• _PROVIDED RECORDS_
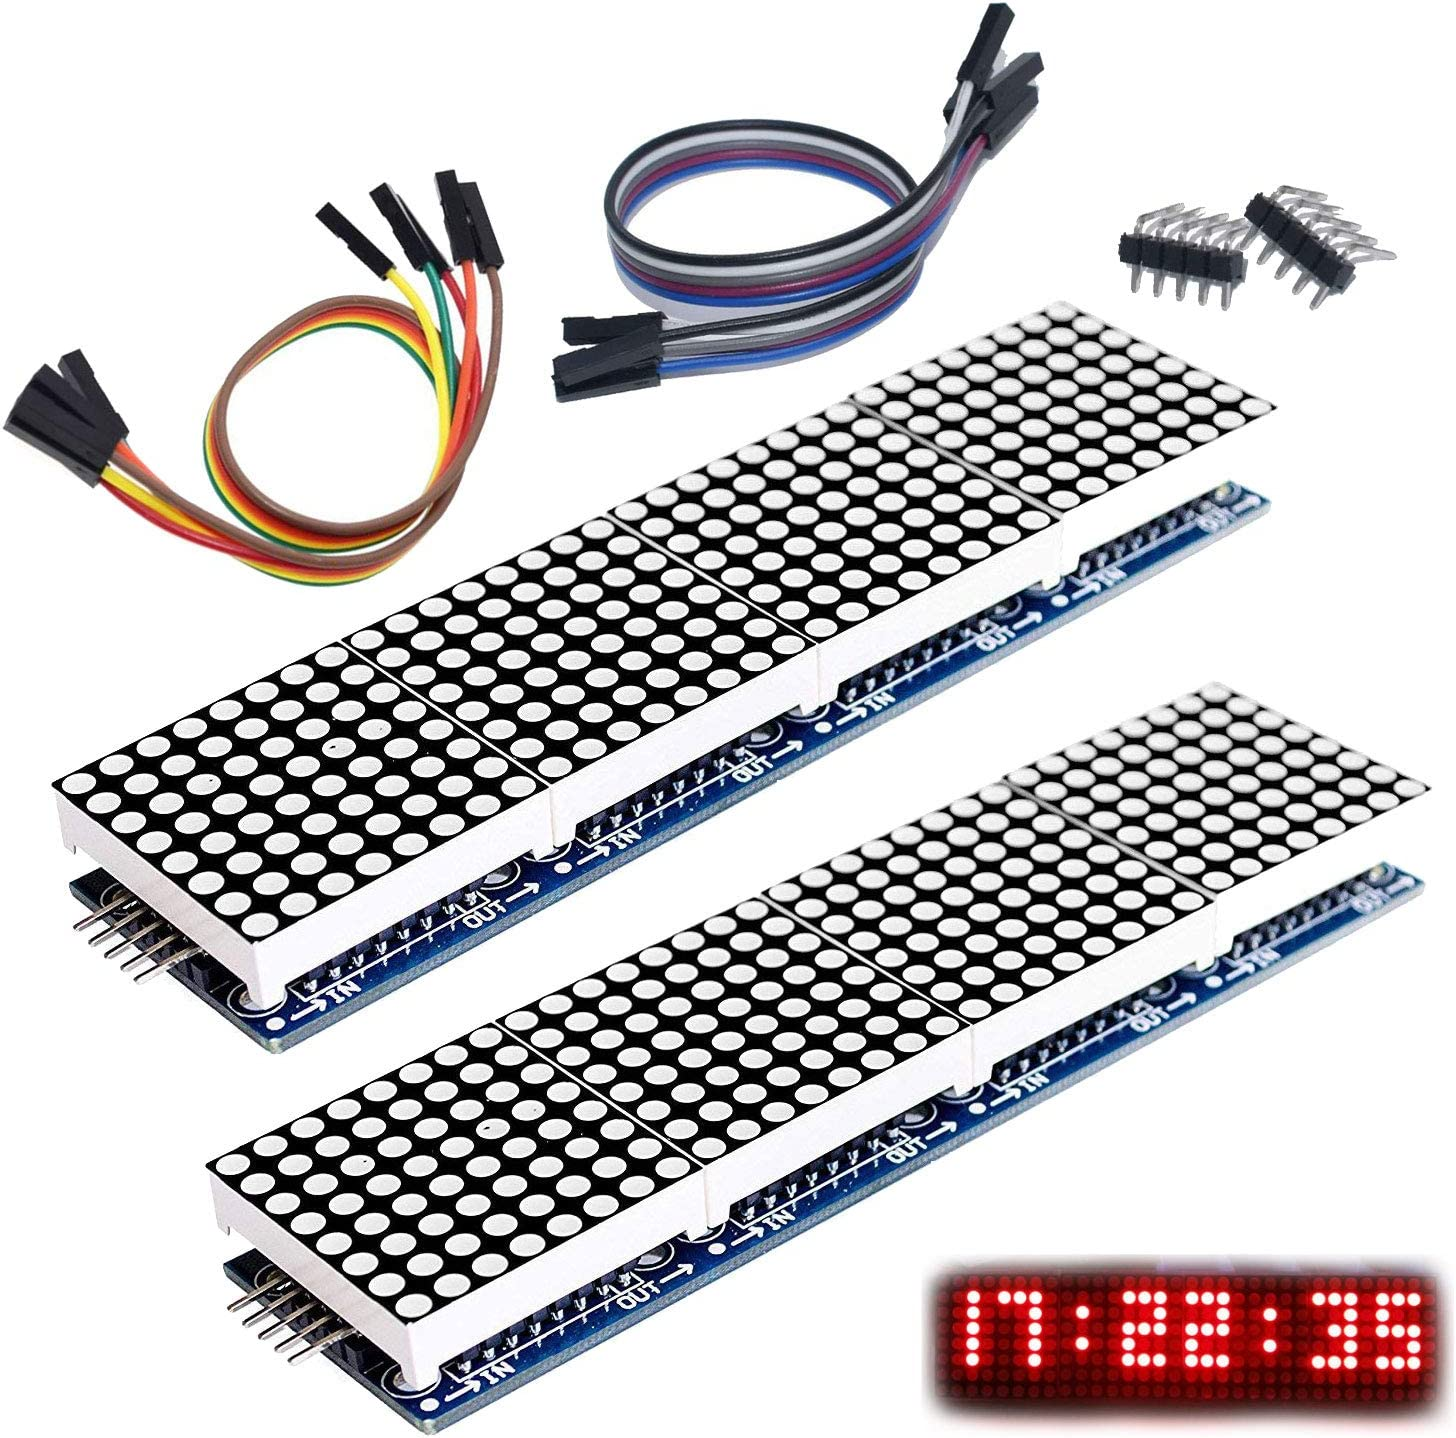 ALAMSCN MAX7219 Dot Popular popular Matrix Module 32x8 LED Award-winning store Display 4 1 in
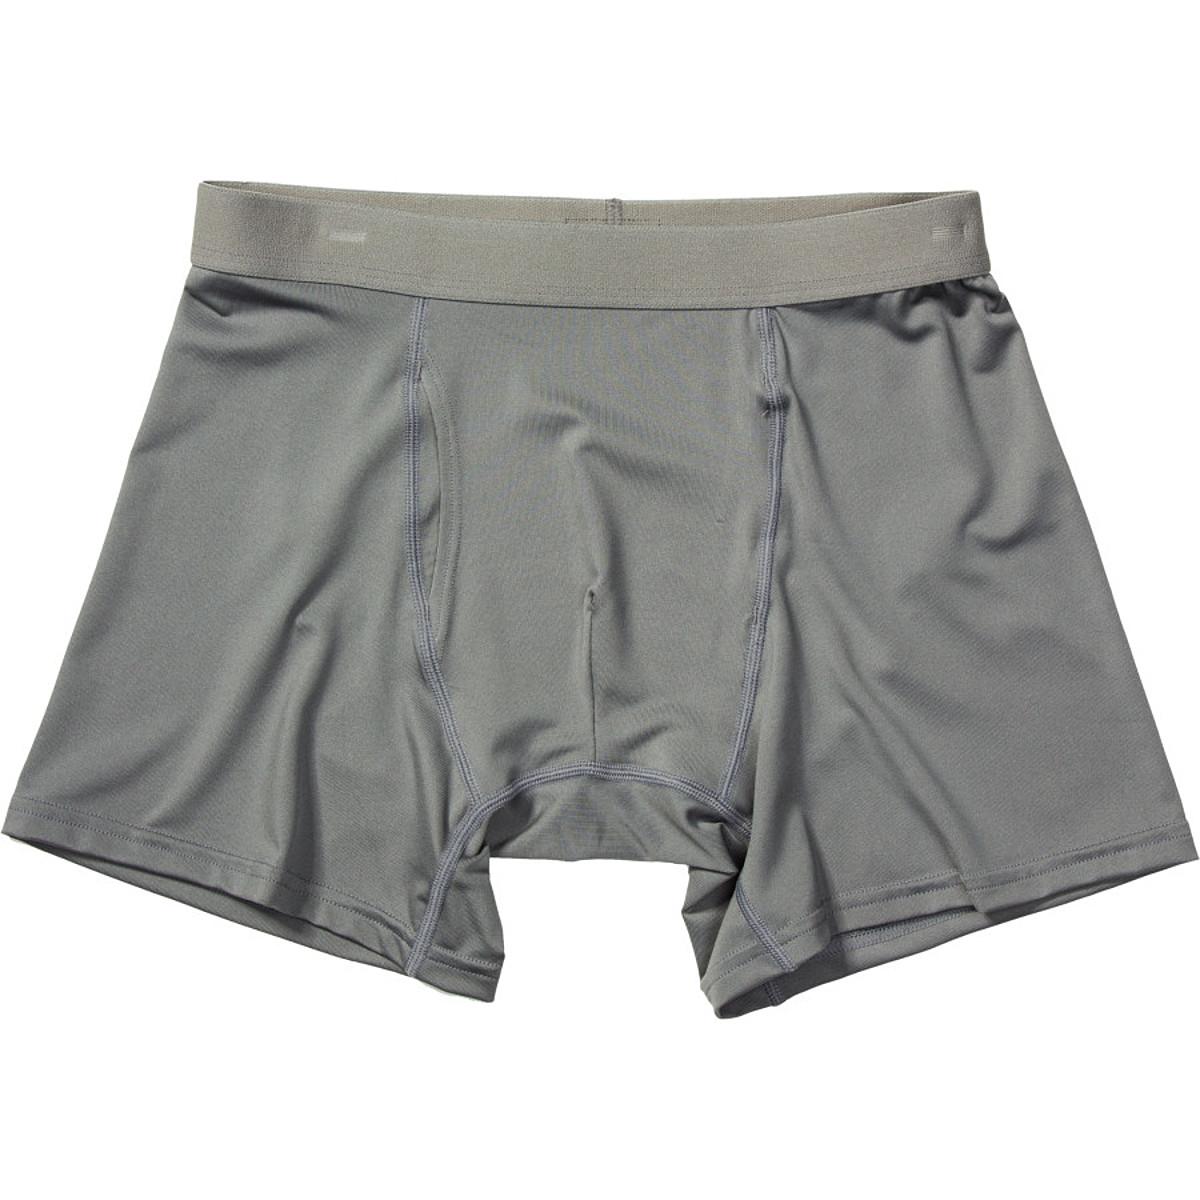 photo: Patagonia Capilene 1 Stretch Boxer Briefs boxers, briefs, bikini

...

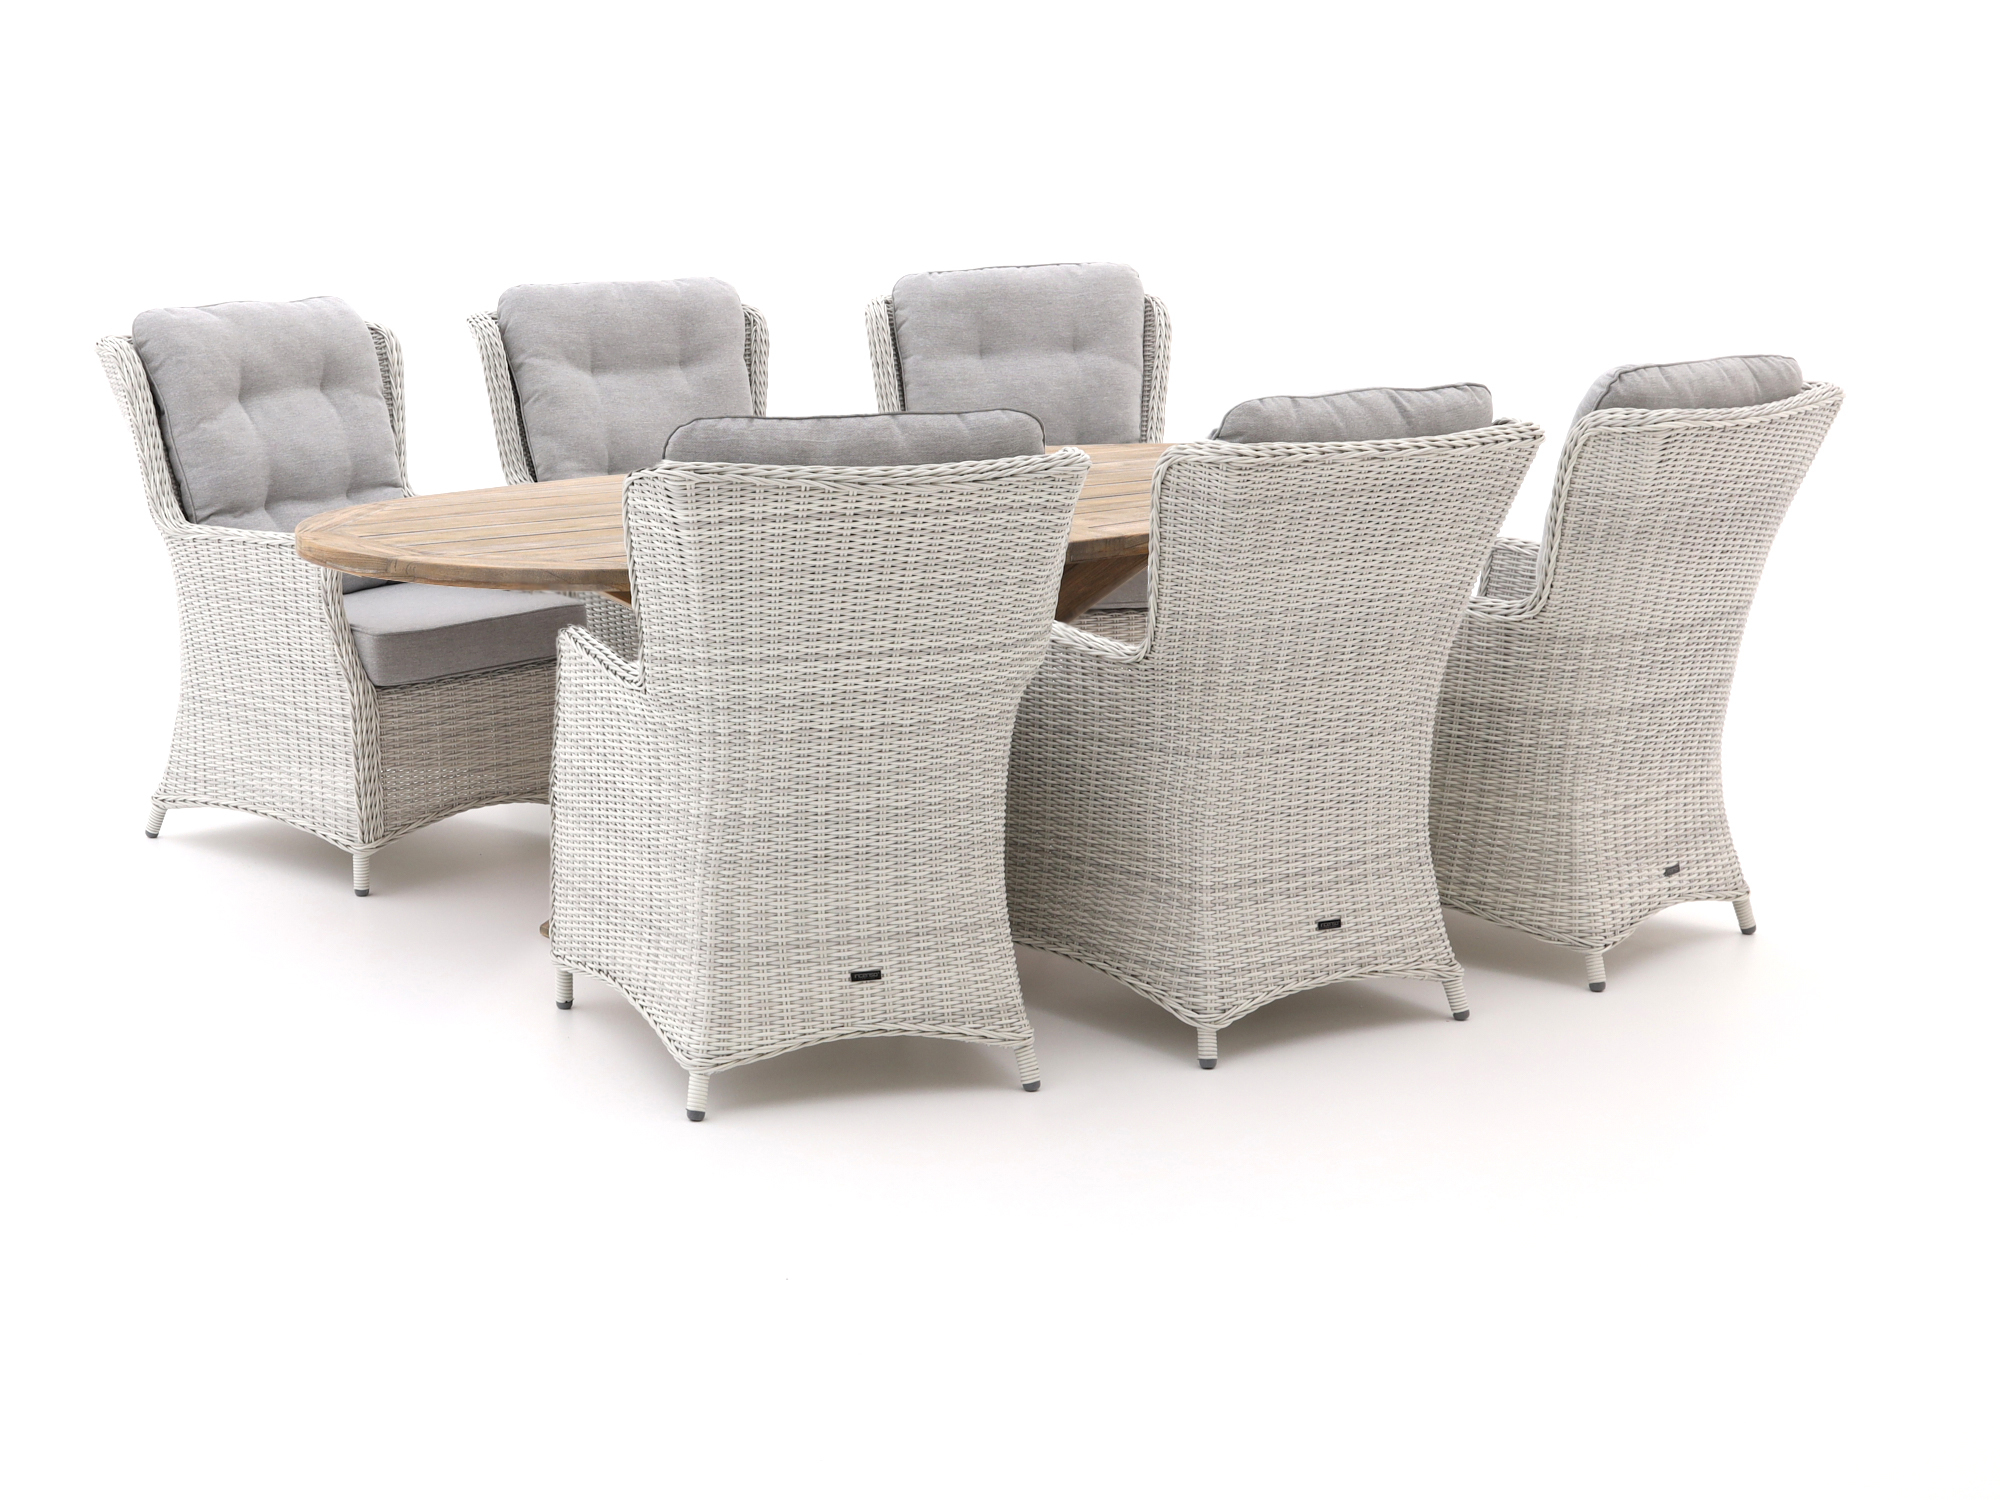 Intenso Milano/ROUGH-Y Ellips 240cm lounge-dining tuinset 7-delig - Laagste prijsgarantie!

• _TASK STATEMENT_
Leaving out all pictures, set down exactly the lines of the material above, from the line with "ALAMSCN MAX7219 Dot" to the line with "photo: Patagonia Capilene" inclusive, and no others.

• _ANSWER BOX_
 ALAMSCN MAX7219 Dot Popular popular Matrix Module 32x8 LED Award-winning store Display 4 1 in
 photo: Patagonia Capilene 1 Stretch Boxer Briefs boxers, briefs, bikini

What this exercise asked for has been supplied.